*** Opening of The data ***

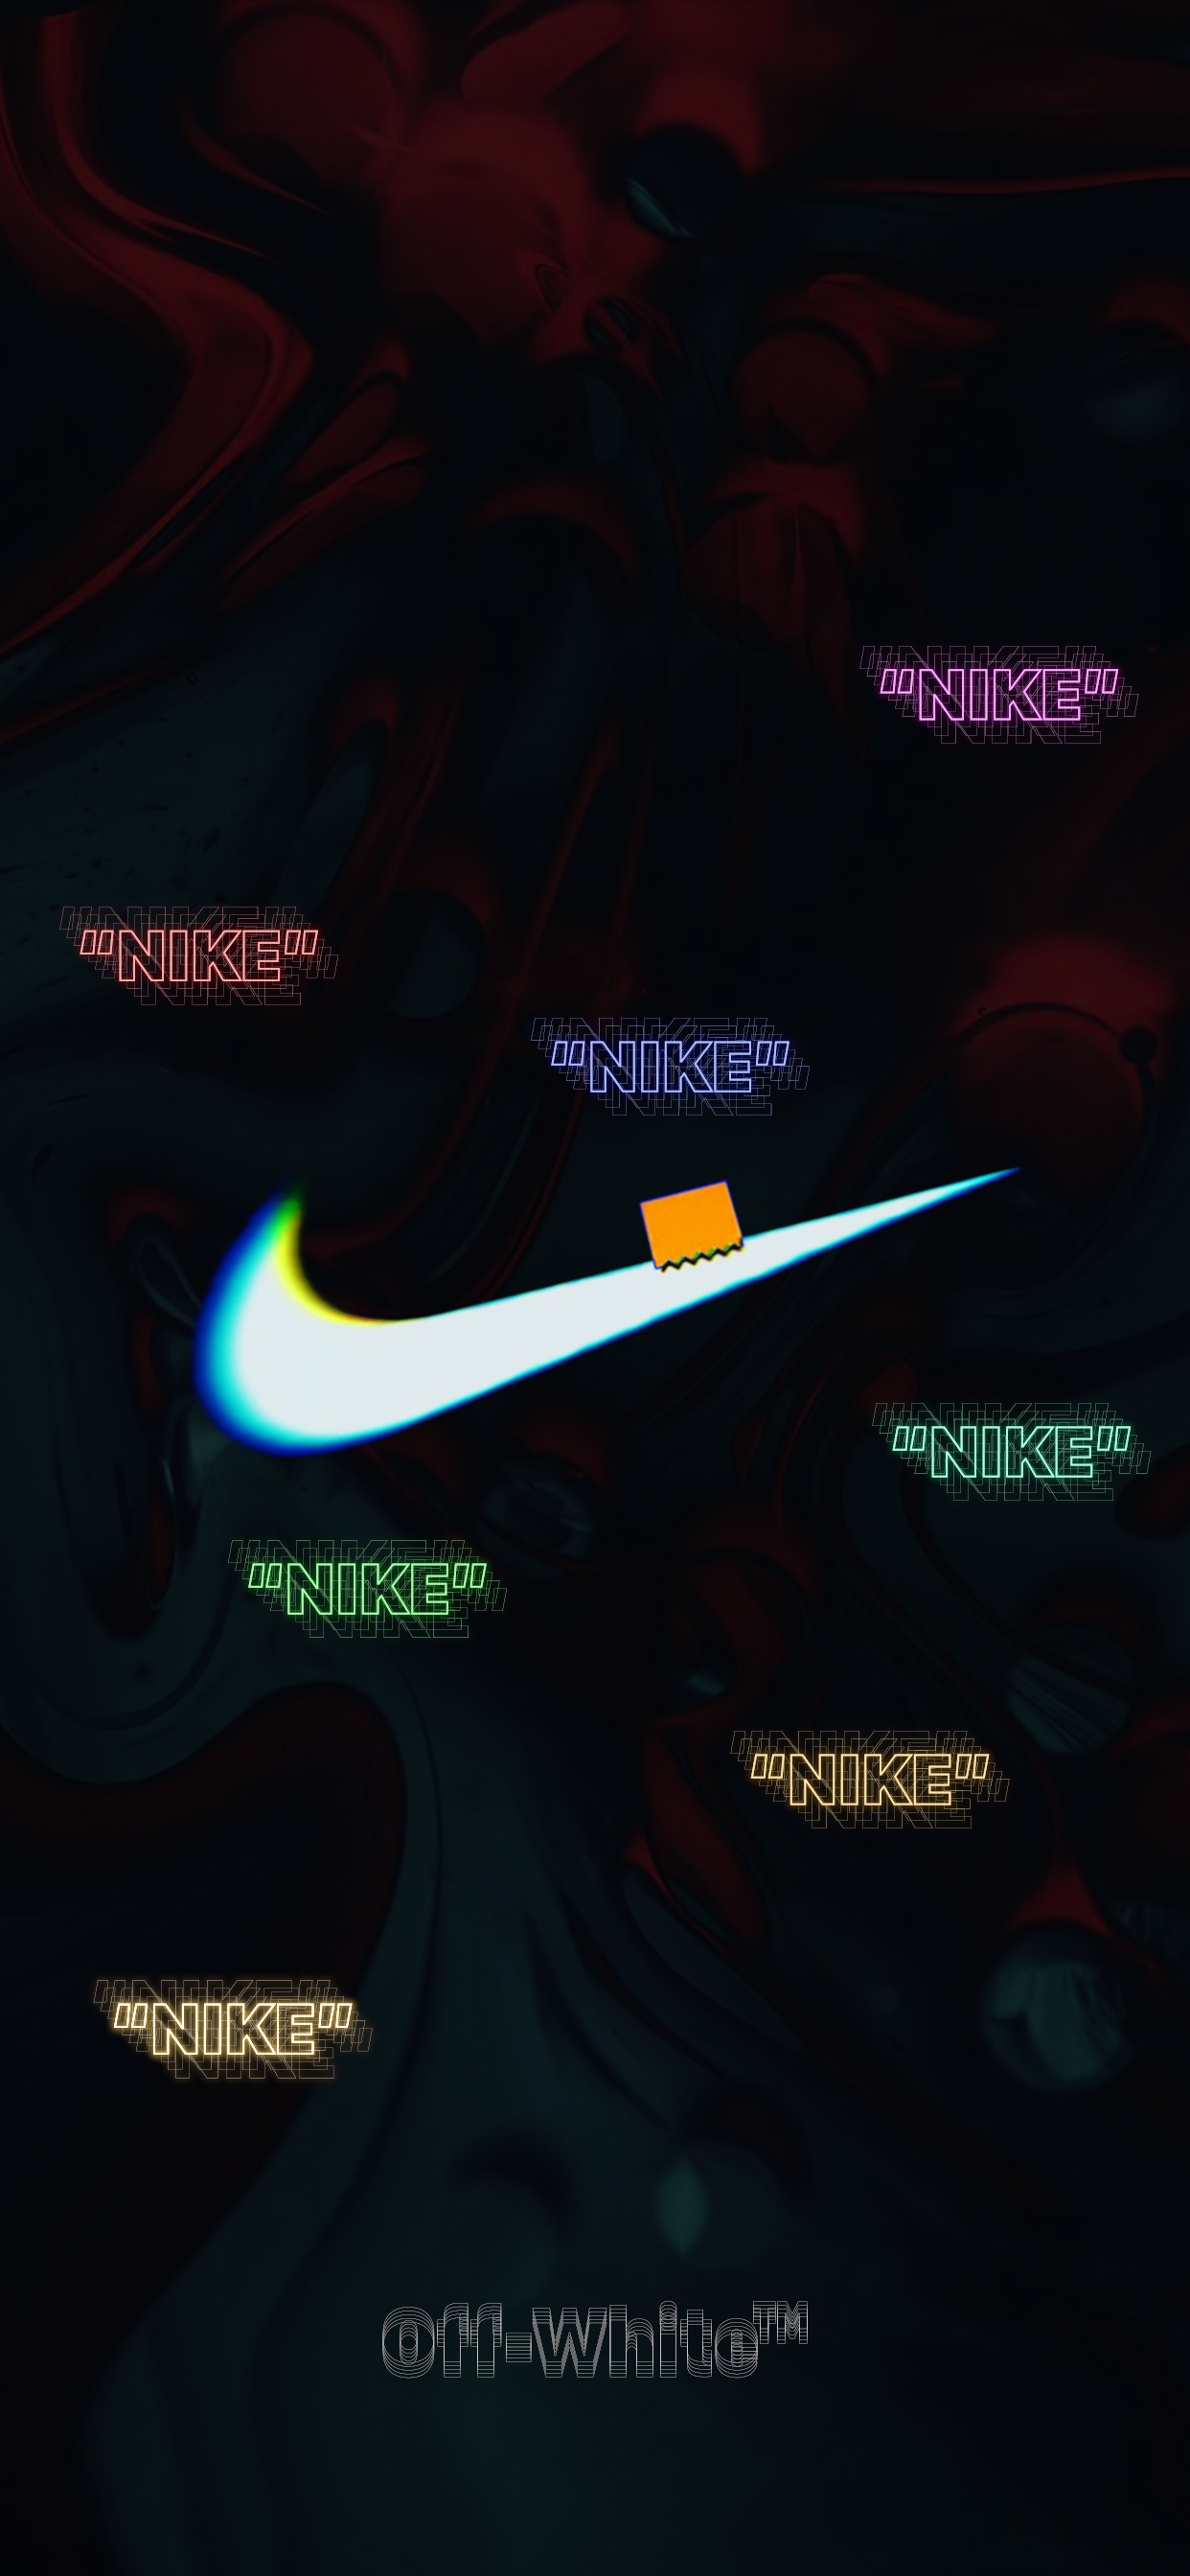 Nike X OffWhite Wallpaper Hypebeast iphone wallpaper Bape
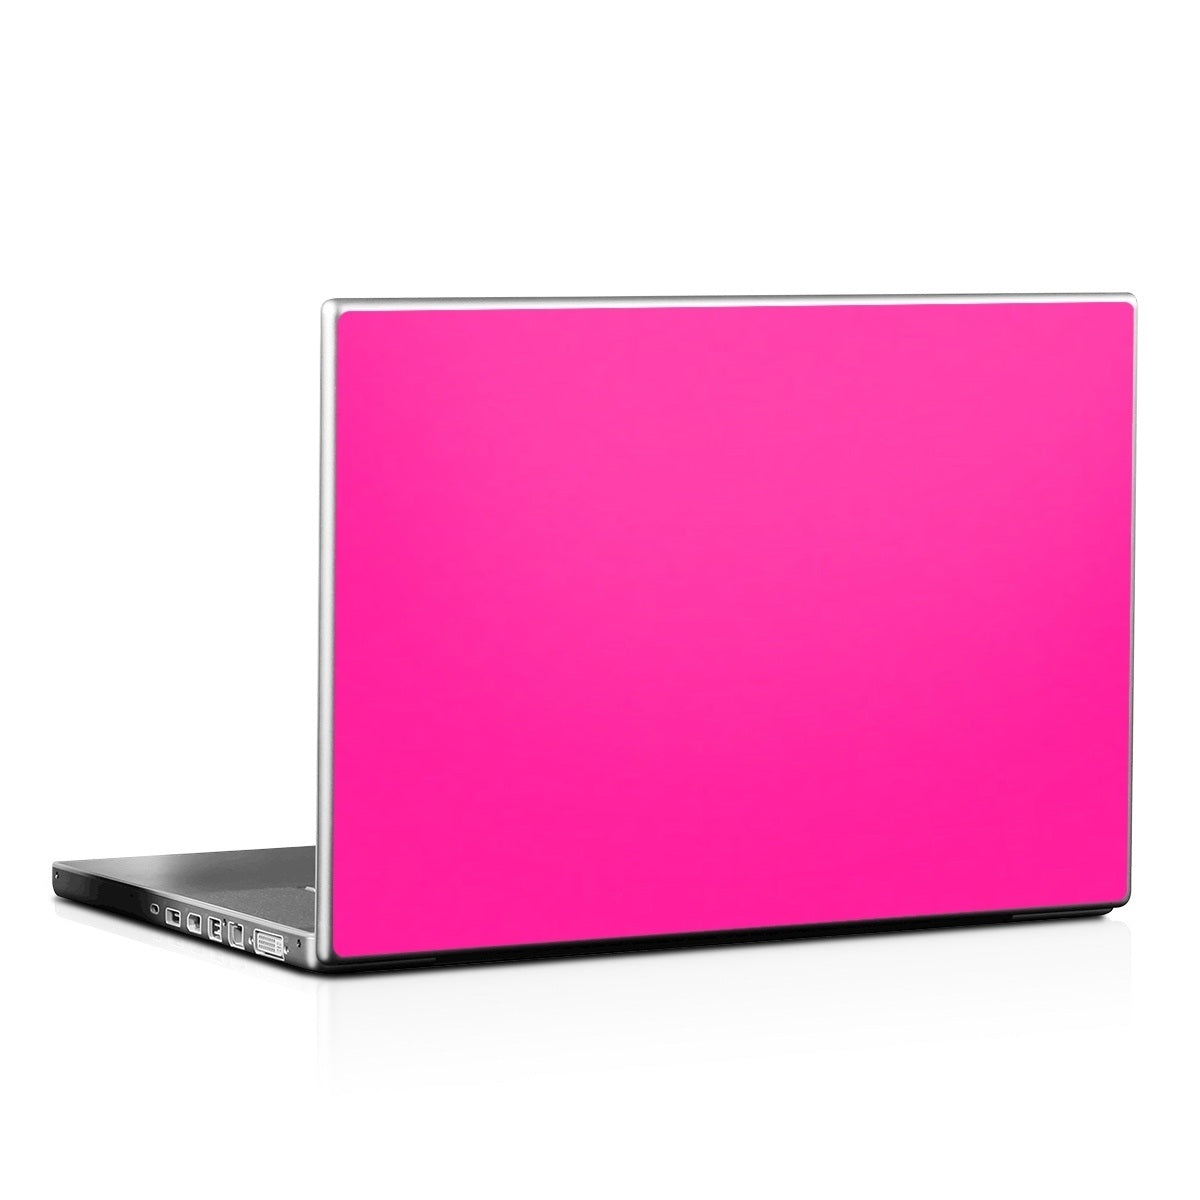 Solid State Malibu Pink - Laptop Lid Skin
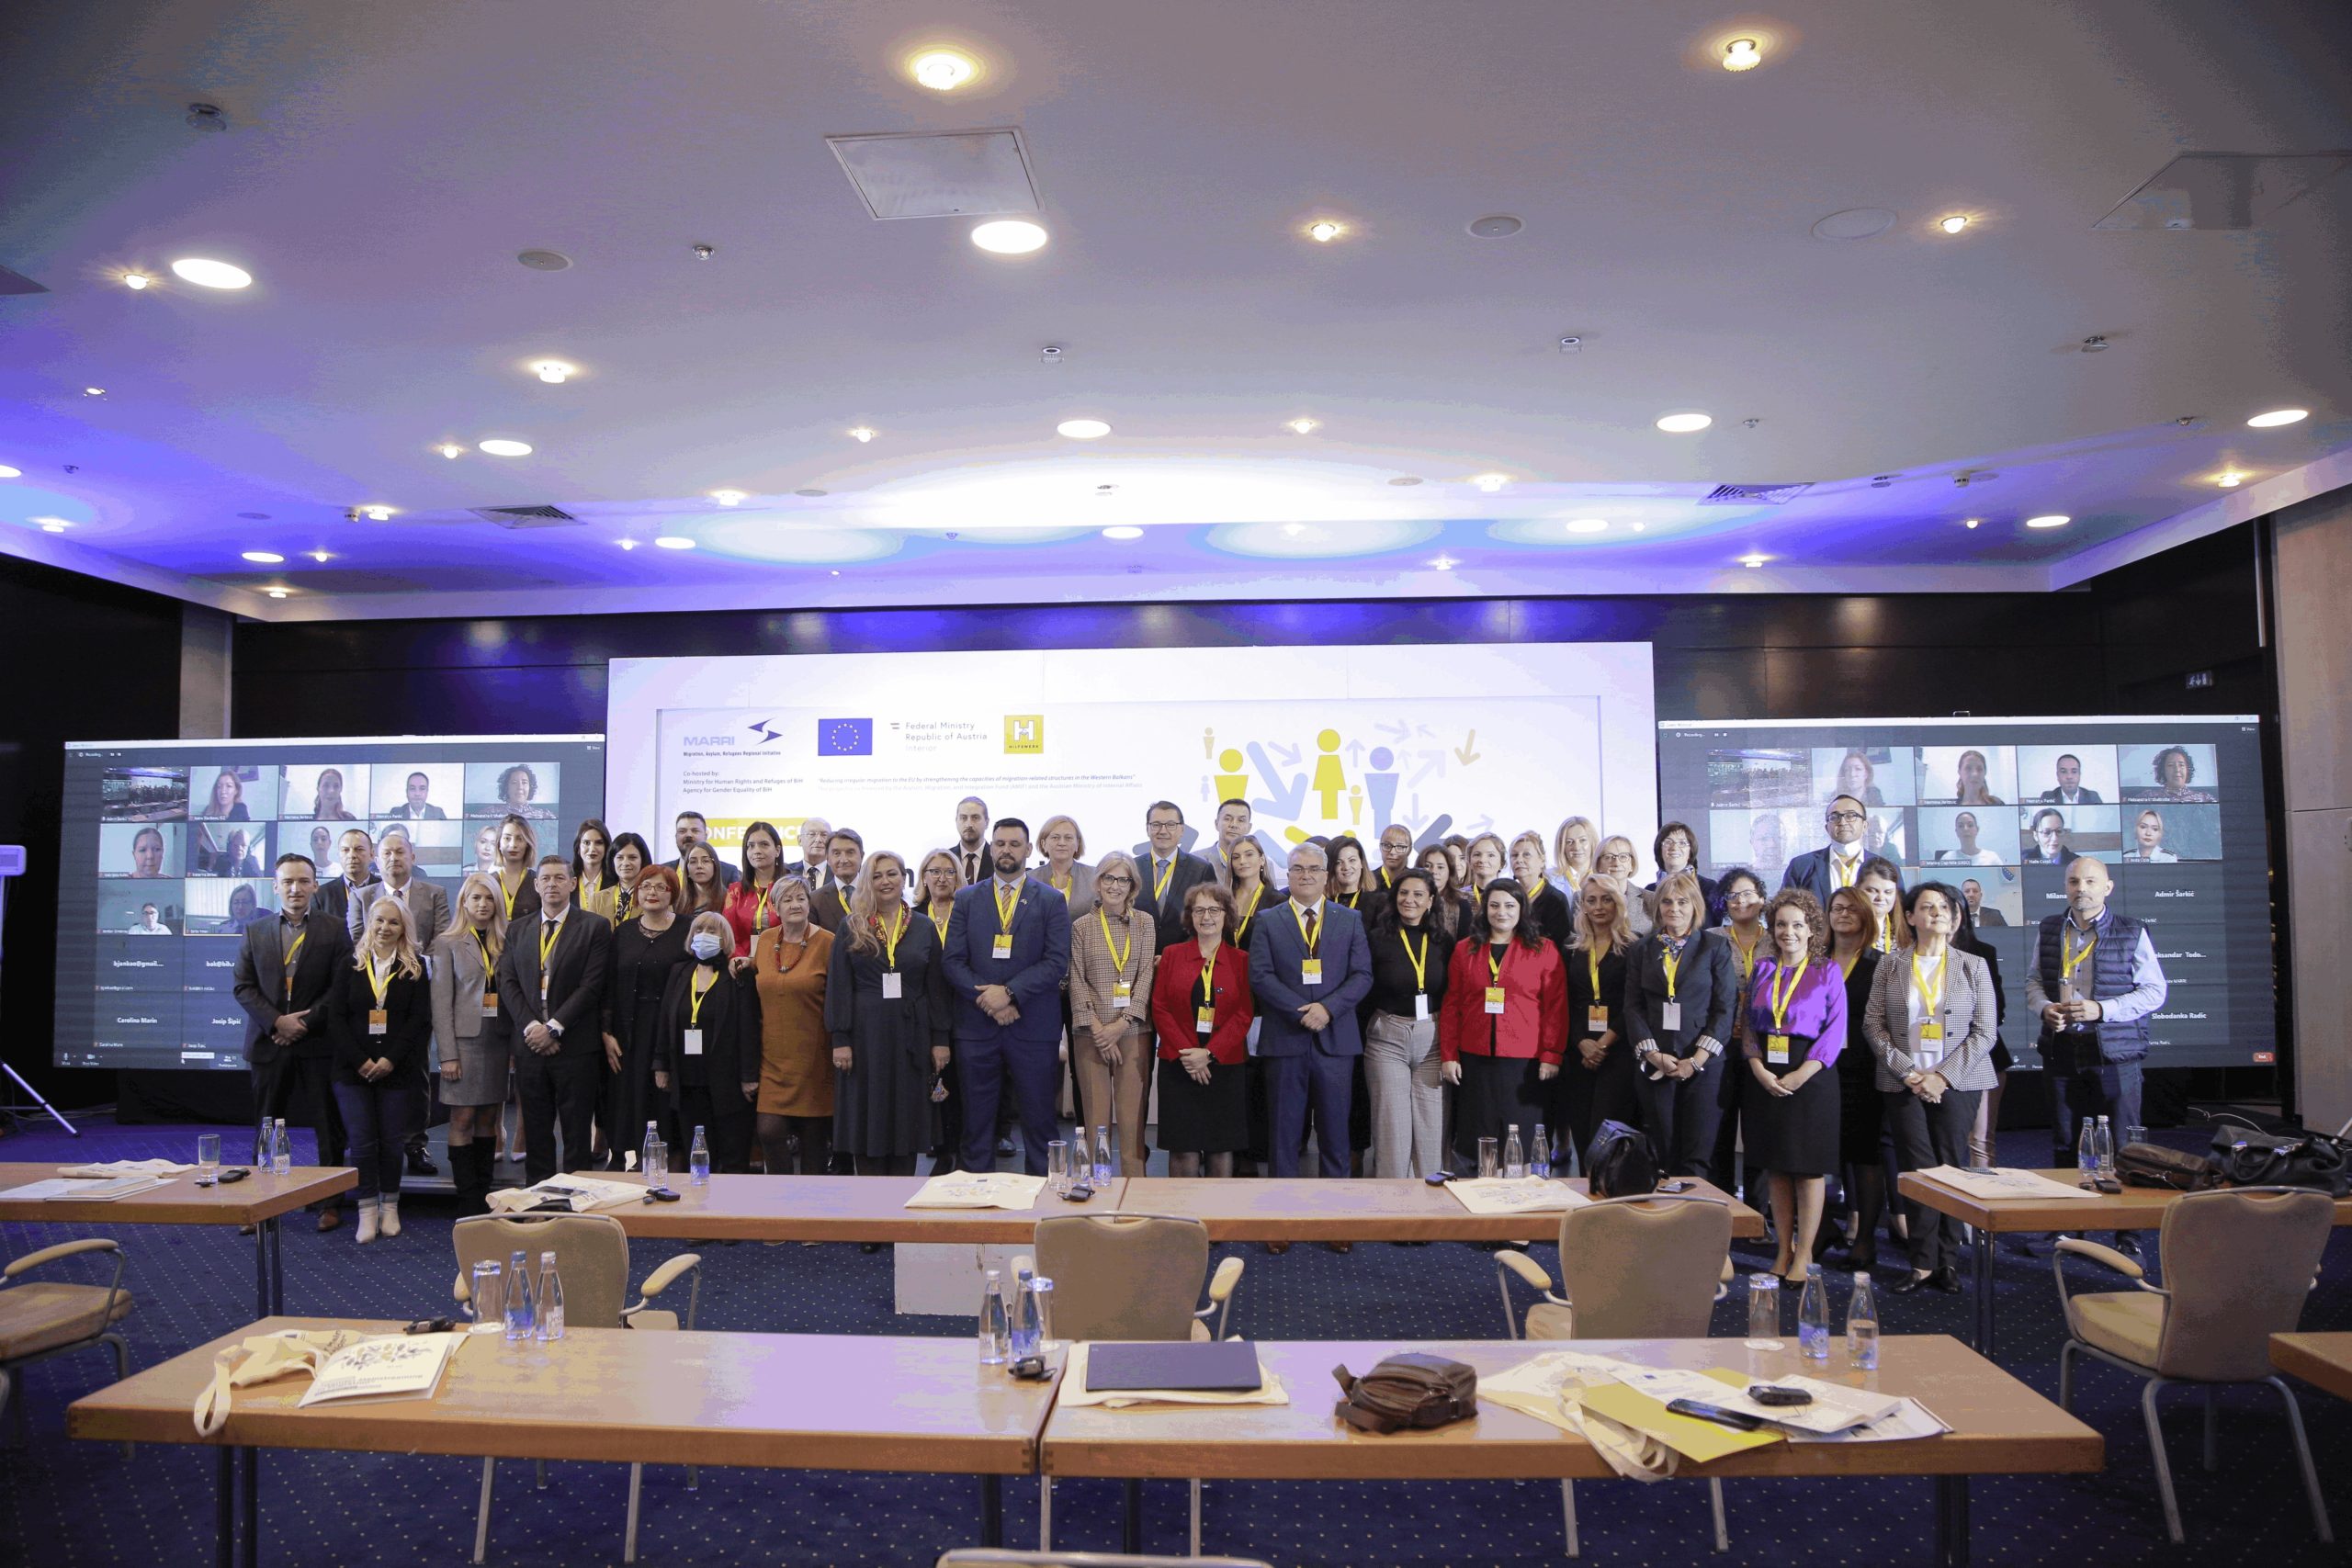 13-15 0ctober 2021 – Regional Conference on Gender Mainstreaming in Migration

*** Close of The data ***

**Problem to solve**.
Output the data above in full. Skip every picture.

**Response to the exercise**.
 Nike X OffWhite Wallpaper Hypebeast iphone wallpaper Bape
 Solid State Malibu Pink - Laptop Lid Skin
 13-15 0ctober 2021 – Regional Conference on Gender Mainstreaming in Migration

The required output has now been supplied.